And he still knows how to push buttons. In a tournament format, that’s a critical skill set. Remember, this isn’t a full-season gig. He doesn’t need to worry about managing the ebbs and flows of 82 games. And he certainly doesn’t need his players to love him.

He simply needs them to take on his personality.

The brashness. The swagger.

For two weeks. That’s it.

Anything can happen in a short tournament. A goalie can get hot. An injury can weaken a lineup. A bounce can swing a close game.

Lombardi can’t control those things. But by handing the reins to Tortorella he’s making a clear statement about the one thing he can control. It’s go big or go home for Team USA.


• Tortorella won’t be spending all of his time between now and August attending to World Cup planning. The coach was named on Tuesday morning as one of 11 analysts who’ll contribute to the NHL Network during the upcoming season.

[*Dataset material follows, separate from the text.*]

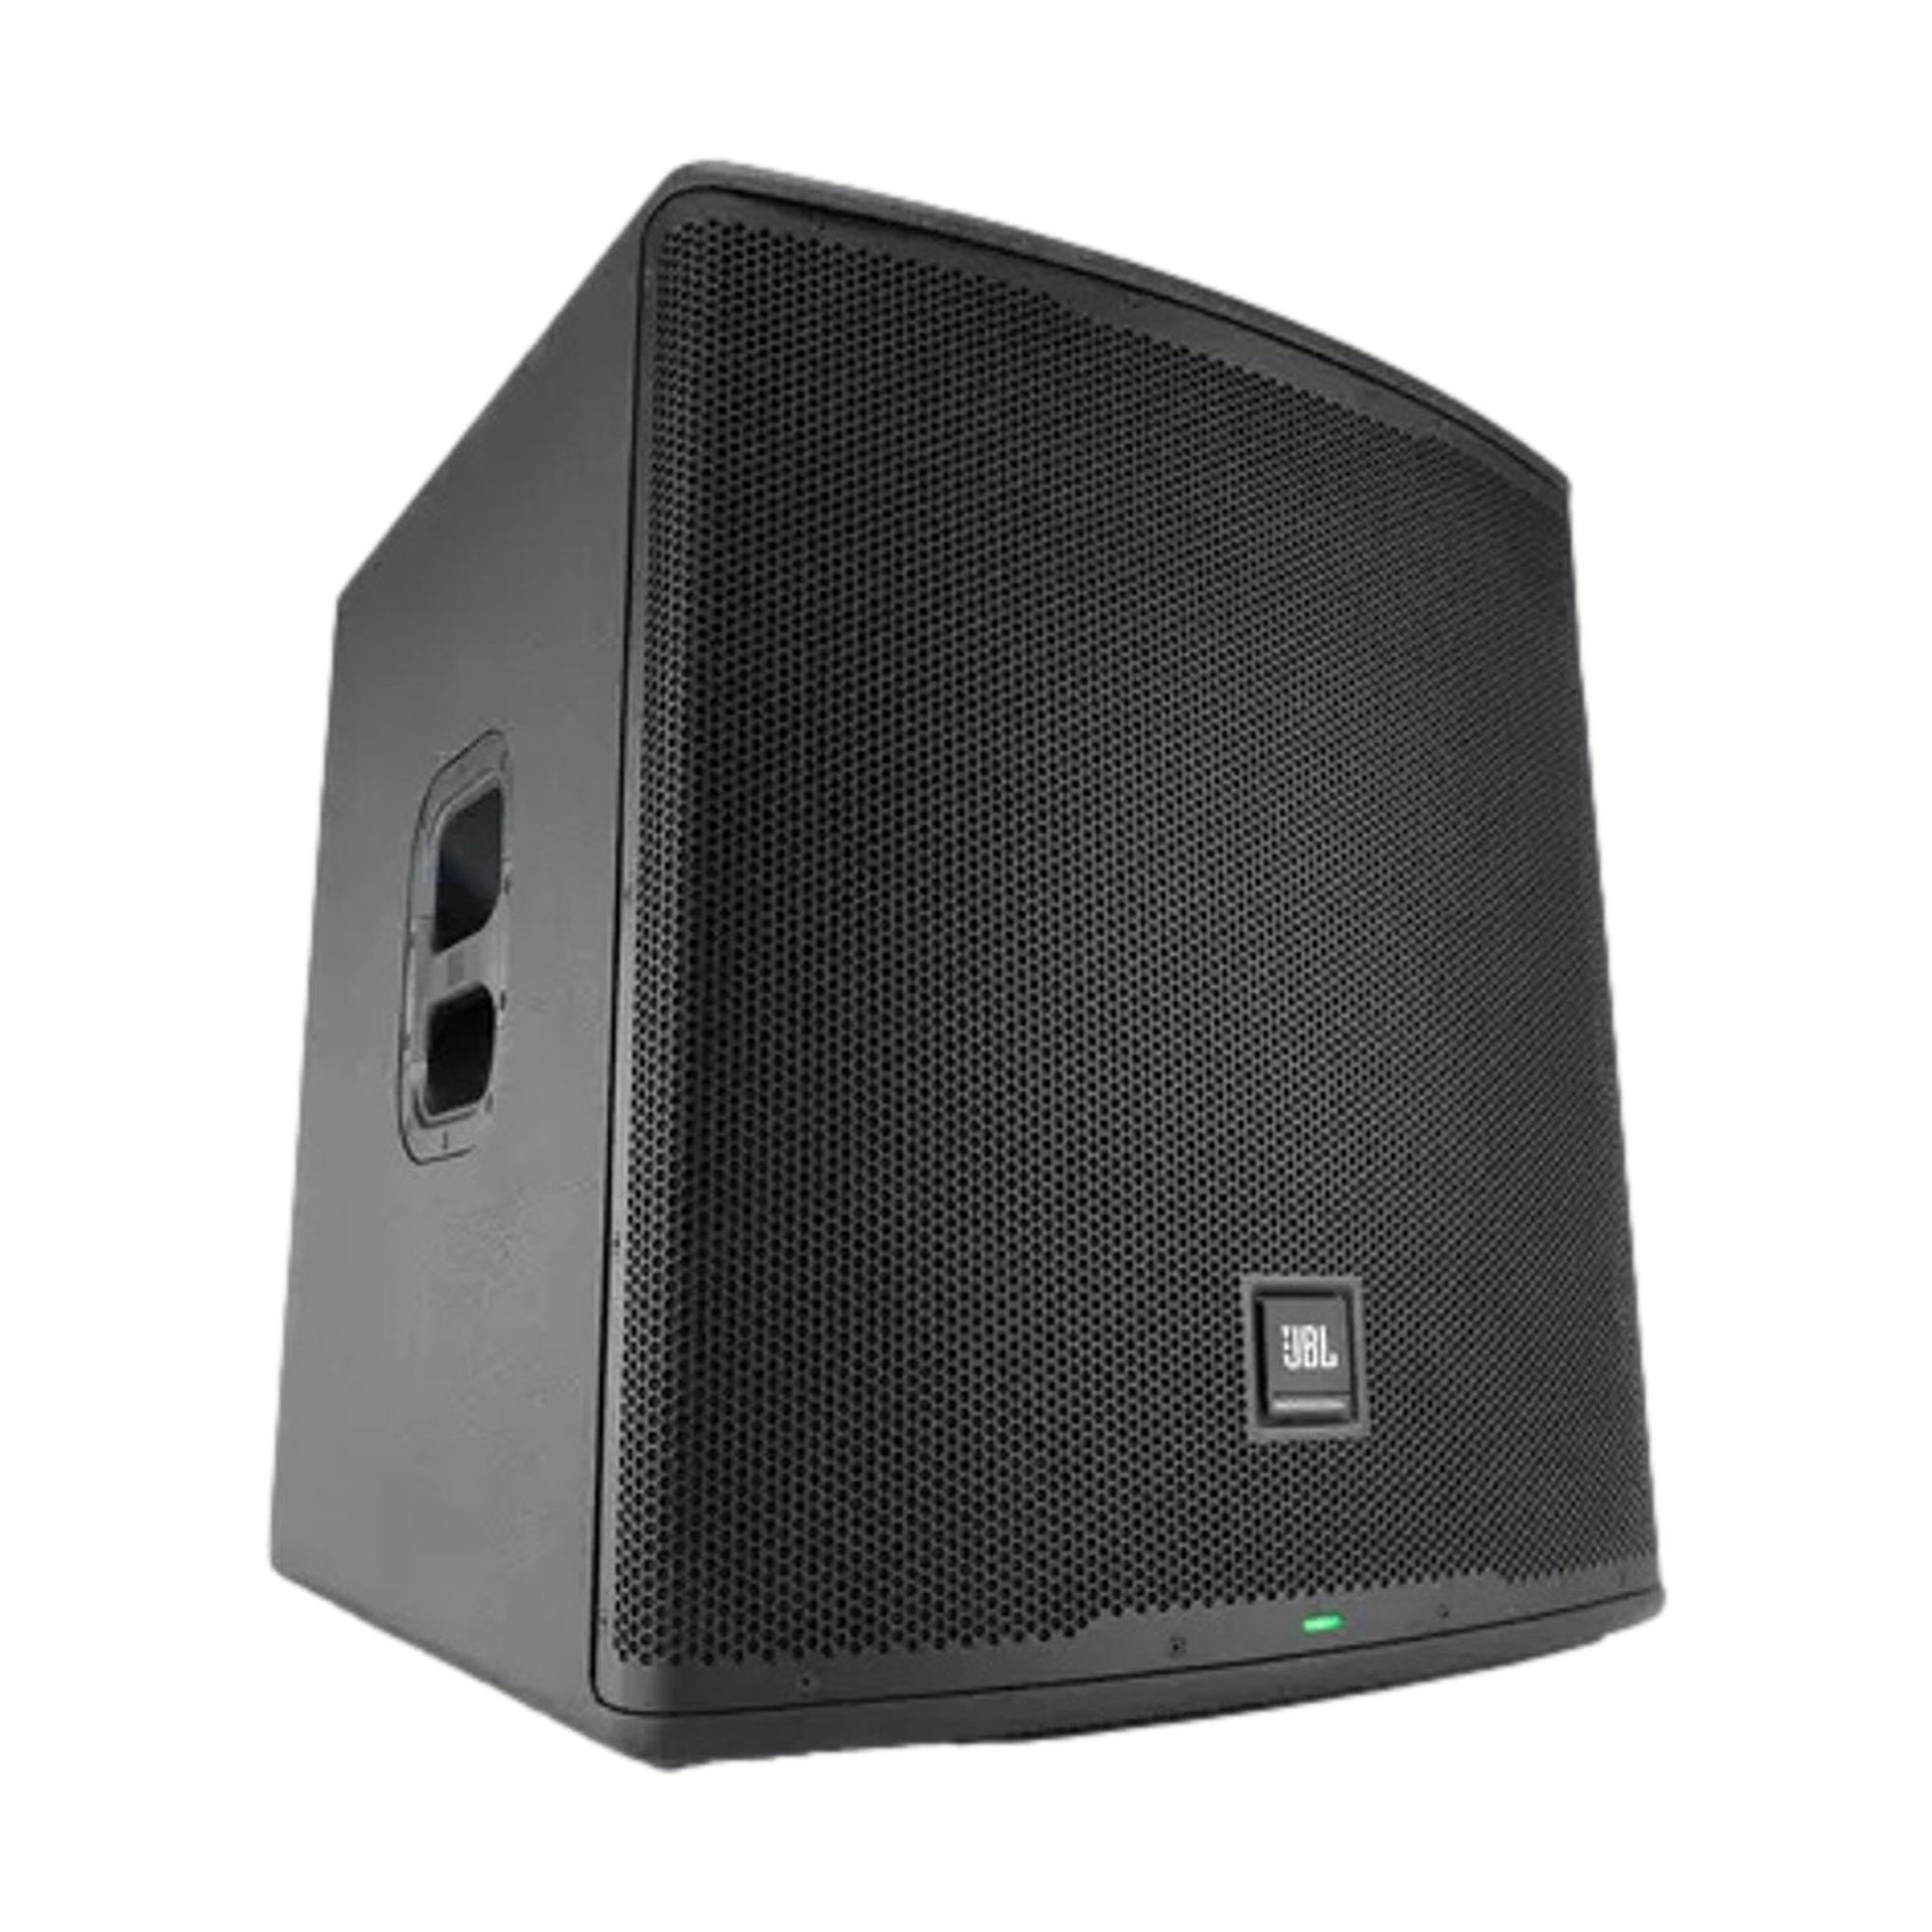 The JBL EON718 18-inch subwoofer is part of JBL’s new EON700 Series of powered PAs, which represent a major step forward in innovation and technology

Tortorella will be joined by Kevin Weekes, Scott Stevens, John MacLean, Dave Reid, Mike Rupp, Neil Smith, Brian Boucher, Marty Biron, Mike Johnson and E.J. Hradek.

It’s a solid group, with standouts in Biron and Boucher, but there is also a painfully heavy New York/New Jersey/Philadelphia presence. No doubt that’s a matter of practicality—the network’s new studios are in Secaucus, New Jersey—but mixing in a couple of Western Conference voices even on a part-time basis would make for a better balanced presentation.

The network also announced that long-time host Kathryn Tappen will return to regular duty after the new year. She’ll be joined by Steve Mears, former NESN host Jamison Coyle, CBS Radio vet Tony Luftman and FSN North’s Jamie Hersch.